### DATA SEGMENT
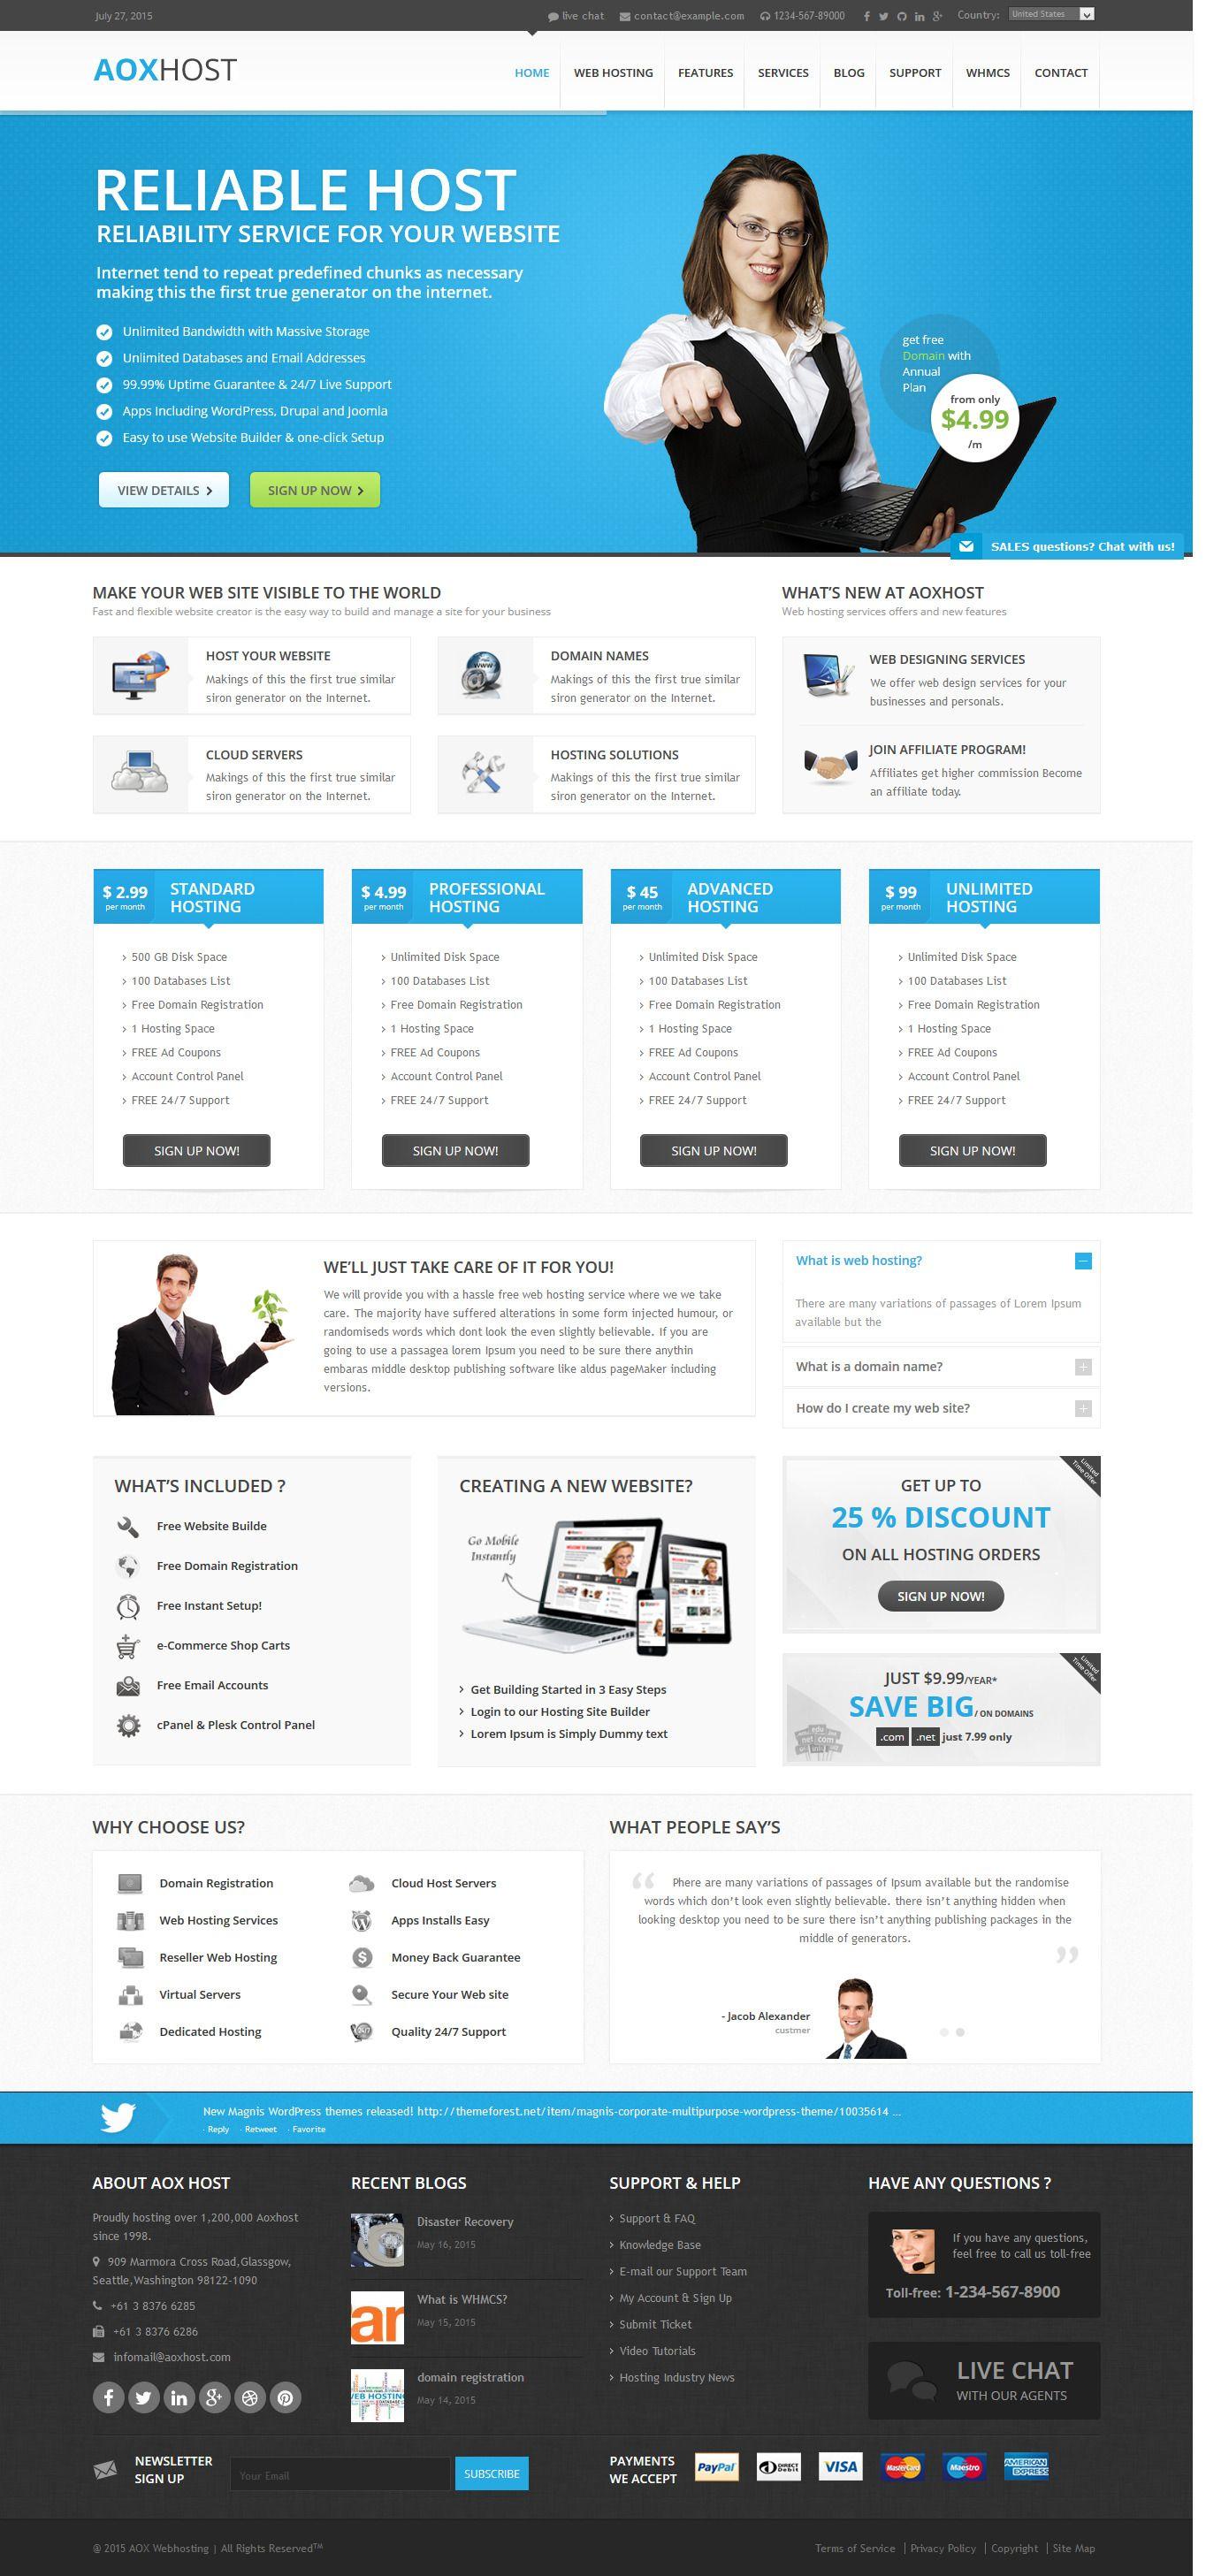 AOX HOST - A Professional Hosting Theme + WHMCS Theme #webdesign #website Download: http://themeforest.net/item/aox-host-a-professional-hosting-theme-whmcs/12148935?ref=ksioks
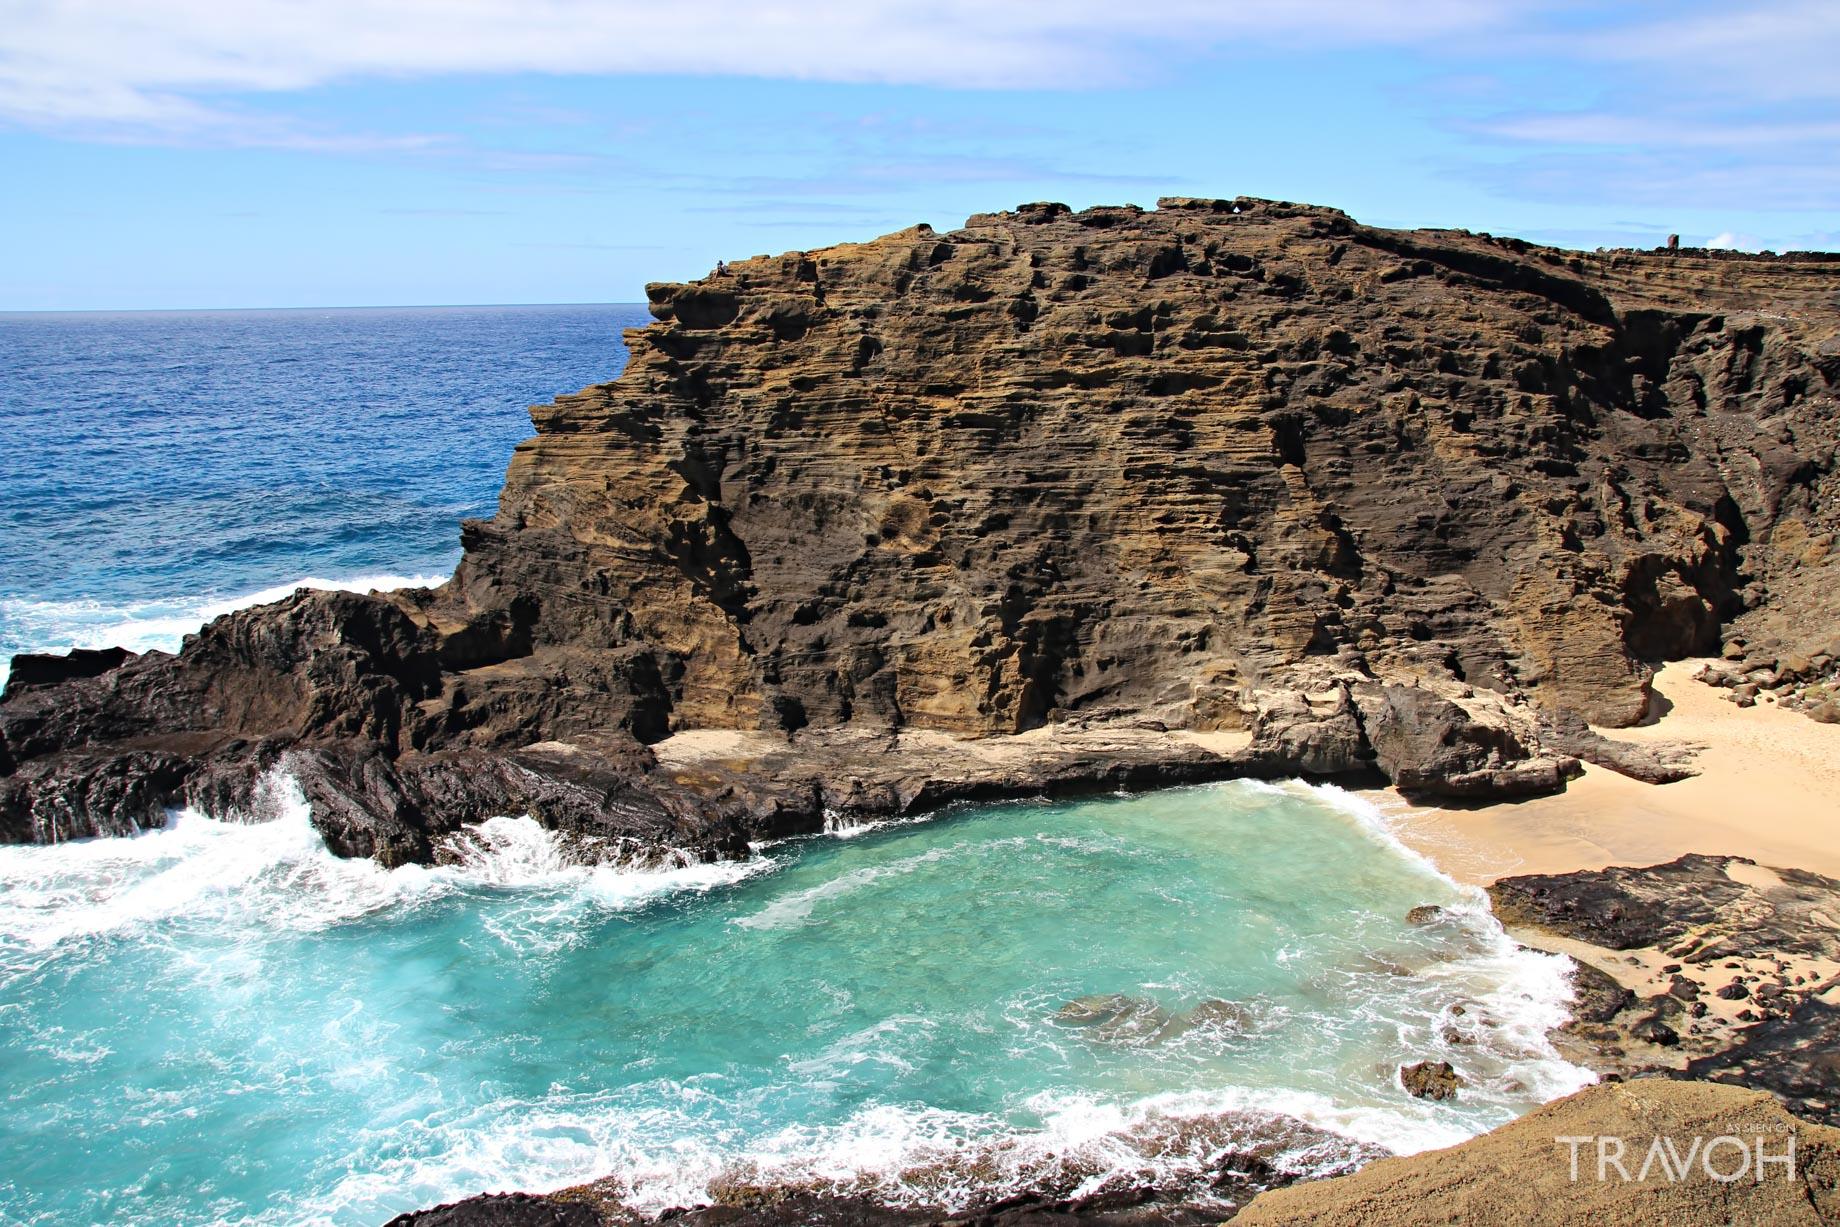 Eternity Beach at Halona Cove - Oahu, Hawaii
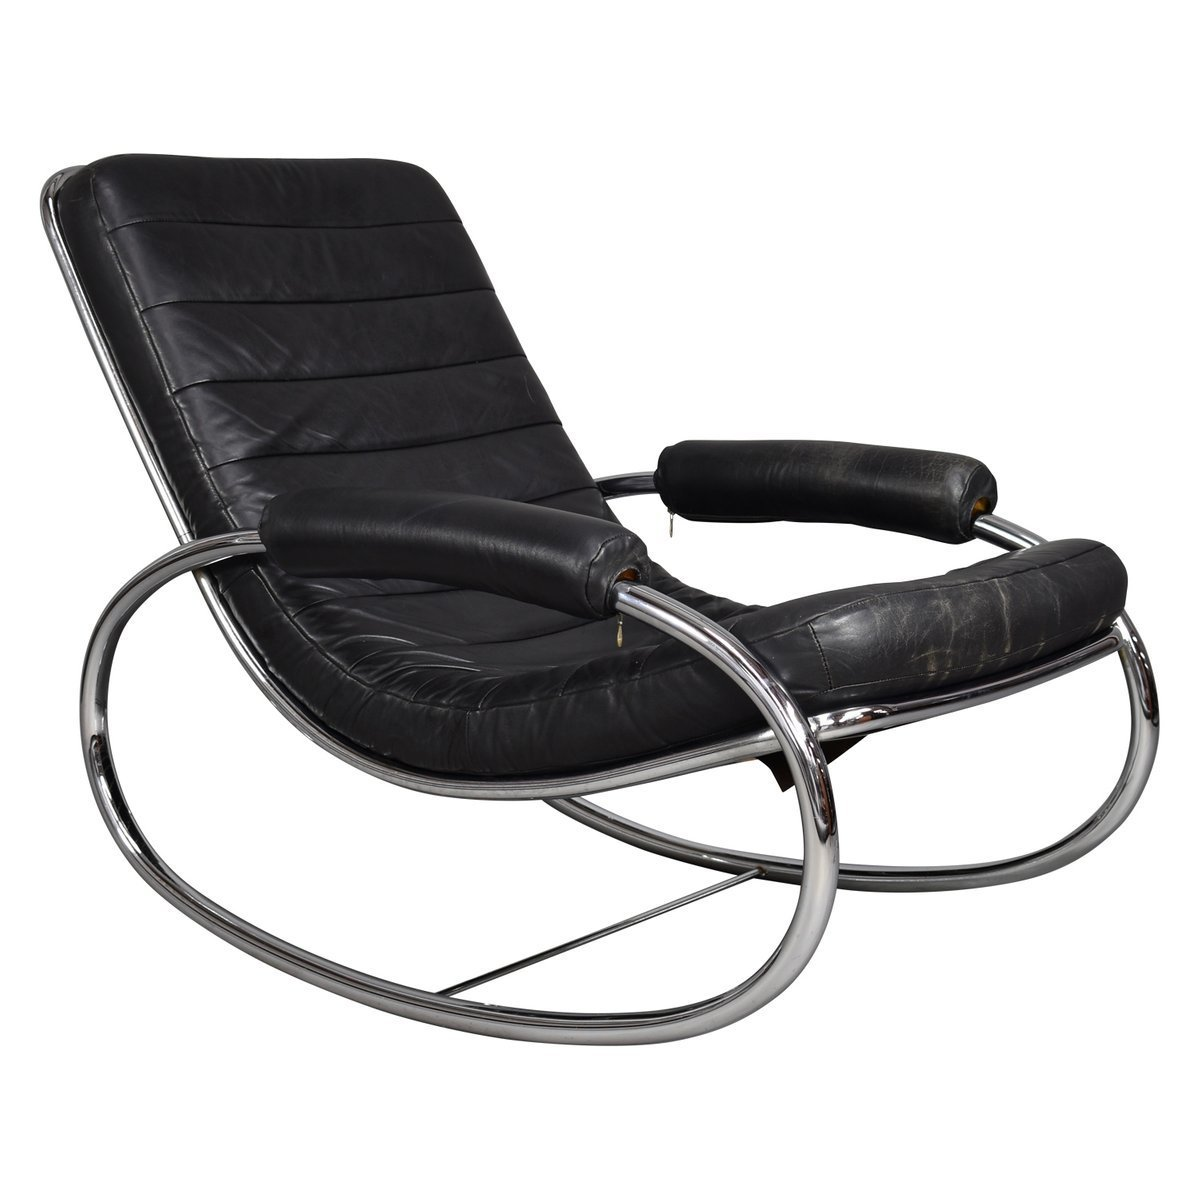 wholesale dealer 6d95e a0441 Vintage Chrome And Leather Rocking Chair, 1970s

### TASK ITEM
Please write out exactly the lines from the one holding "Eternity Beach at Halona Cove - Oahu, Hawaii" through the last line of the material above, both included, as a copy without pictures.

### WRITTEN ANSWER
 Eternity Beach at Halona Cove - Oahu, Hawaii
 wholesale dealer 6d95e a0441 Vintage Chrome And Leather Rocking Chair, 1970s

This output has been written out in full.